Undoubtedly, risking close to a decade without seeing one’s children will be something that will have a strong dissuasive power, and this is very clear to the Cuban collaborators themselves, so the decision will depend on the concept that each one has of himself, the degree of nobility she is capable of taking on this dilemma, and — why not? — even their philosophy of life; in short, something reserved only for the elect, for those more free, or perhaps the most reckless?

But if there is one thing there is no question about, it is that with this move Balsonaro screwed, in fact really fucked, Raul Castro and company, because those more than 11,400 Cuban doctors deployed in Brazil, represented so far nothing more and nothing less than a fifth of the total collaborators deployed all over the world, which implies that the pimps of the Plaza will suddenly find more than 2 billion dollars per year will disappear and no longer be deposited in their secret accounts.

And to this multibillion-dollar impact must be added to despicable political blow dealt to the very testicles of the dictatorship when the final number of deserters is announced, and the repressors know it, which is why they haven’t wasted any time to avoid it, making use of their usual miserable tricks.

But in the end, would Havana risk retaining thousands of relatives in Cuba who request reunification with the approval of the host country? What would it argue in that case to disguise what would clearly be an open retaliation, violating the most basic rights of those families separated by force? Would it be able to withstand the political pressure that thousands of Elians** would generate, but vice versa, requested by their parents to join them, from Brazil? Only to imagine the drama intimidates.

But let us not underestimate a well-demonstrated fact: the ability of the island’s authorities, always blinded by arrogance, to shuffle obtuse decisions in the face of similar situations in order to finally settle for the stupidest, for which the above-mentioned is a scenario that can not be discarded at all.

Let us not forget that greed obfuscates these satraps who continue to call the authentic democratic exercise of parliament that, making a natural use of its powers, pushed aside the corrupt Dilma Rousseff through tools clearly established in their laws and its Constitution, a “… legislative-judicial coup d’état … ”

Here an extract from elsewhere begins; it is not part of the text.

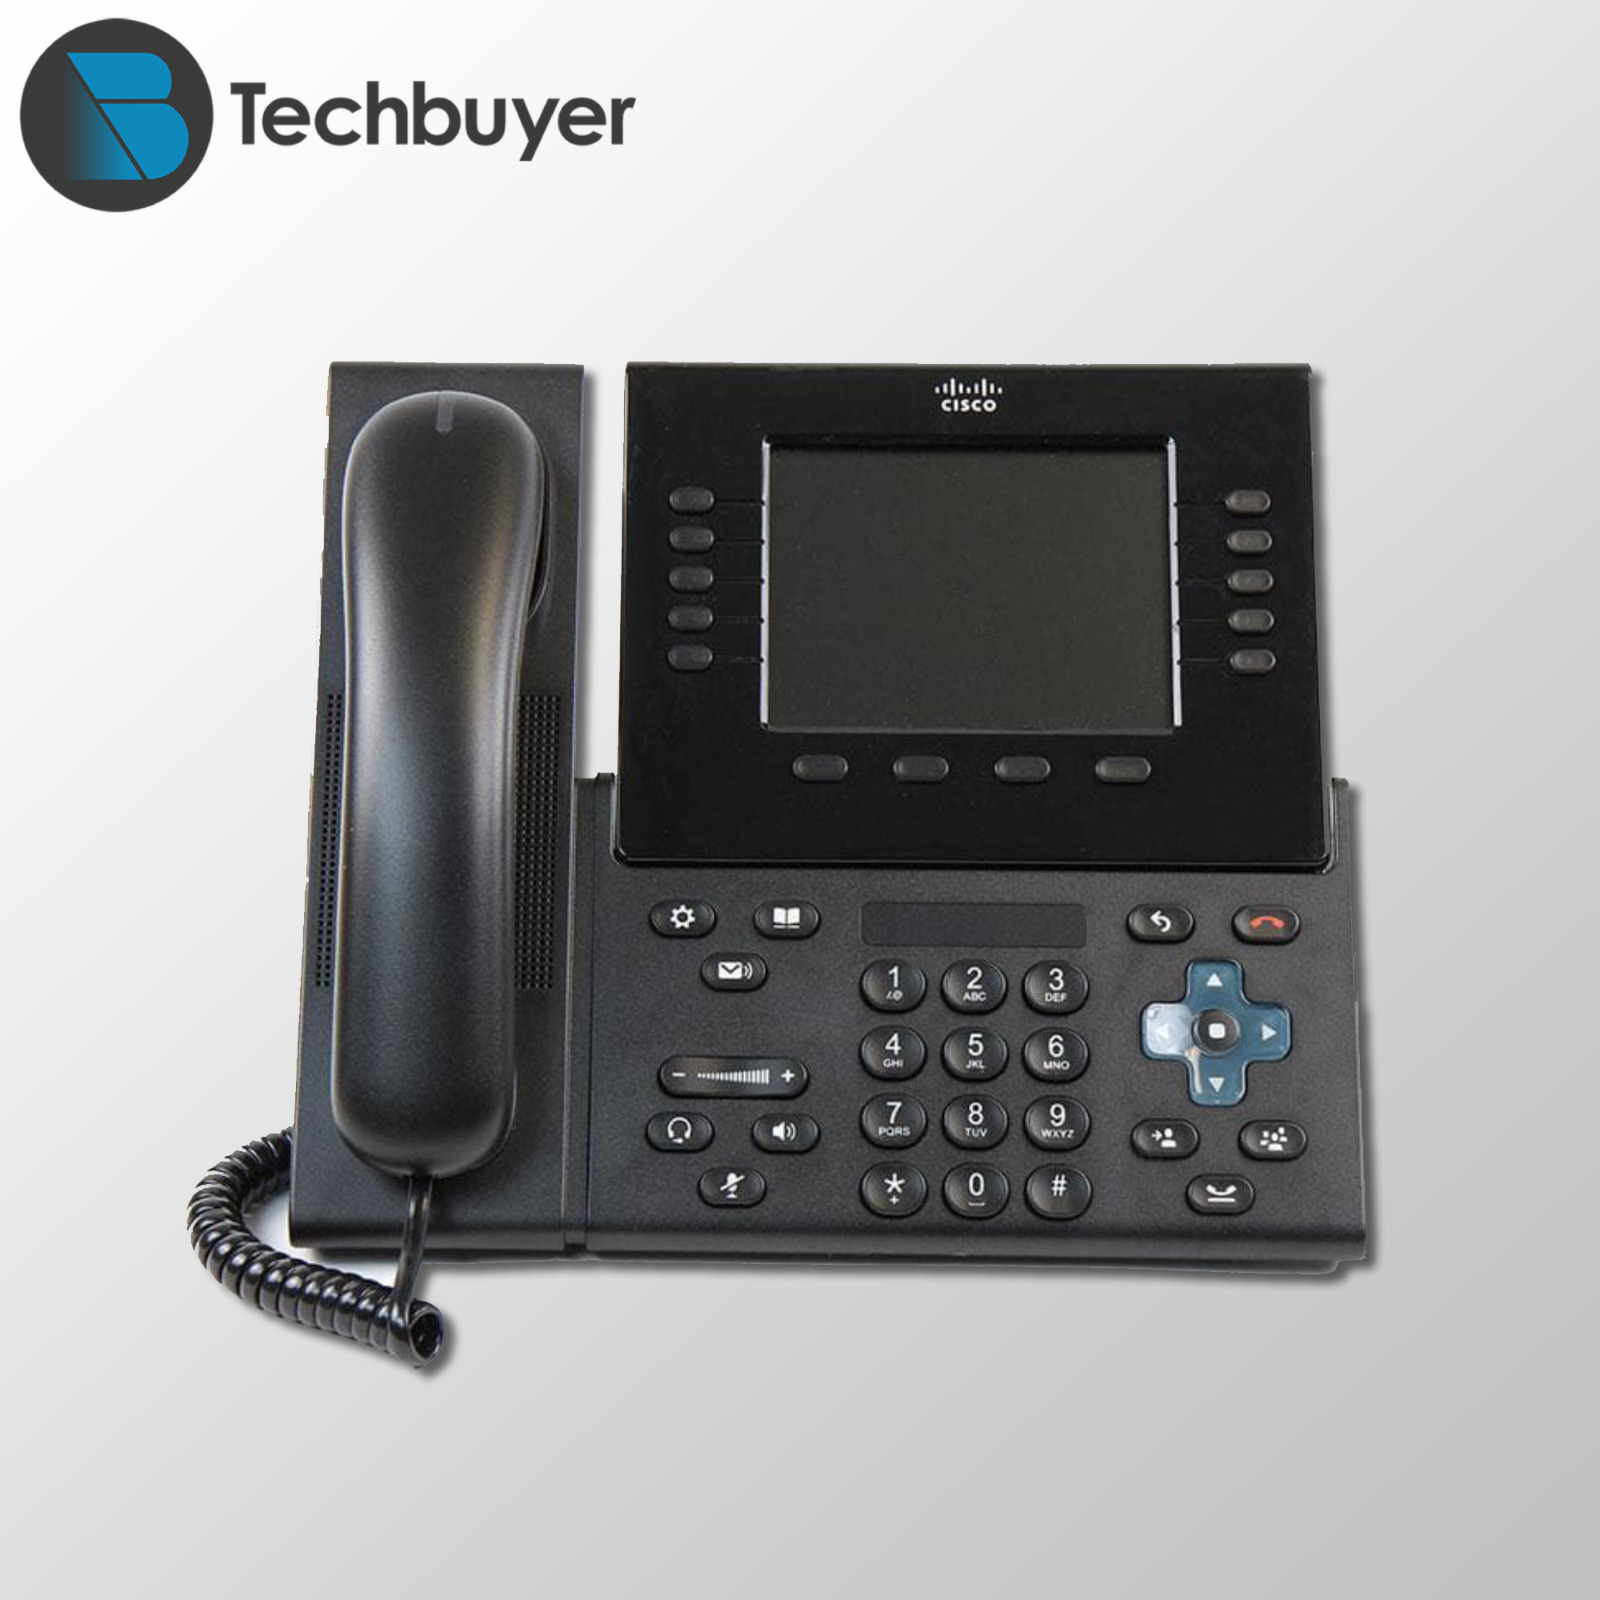 CISCO 8961 UNIFIED IP PHONE VOIP with Handset and stand | New Factory Sealed

A second wave of the Ladies in White could be the answer to such a decree, something that I, in the place of Raul Castro, would not risk at a time when his ill-fated day is approaching: the one that will see Nicolás Maduro leave through a popular and forceful kick in the ass in the already imminent elections of 2019, and a replacement announcing from Miraflores Palace, in the name of the Venezuelan people, that they are not willing to serve as pimps for Havana.

Translator’s notes:

*This article was written before the final accounting of doctors returning and not returning to Cuba from Brazil, but it appears that a considerable number stayed behind.

** A reference to Elian Gonzalez, the child rafter rescued from the sea, who in the year 2000 was the subject of a major international spectacle as his custody was disputed.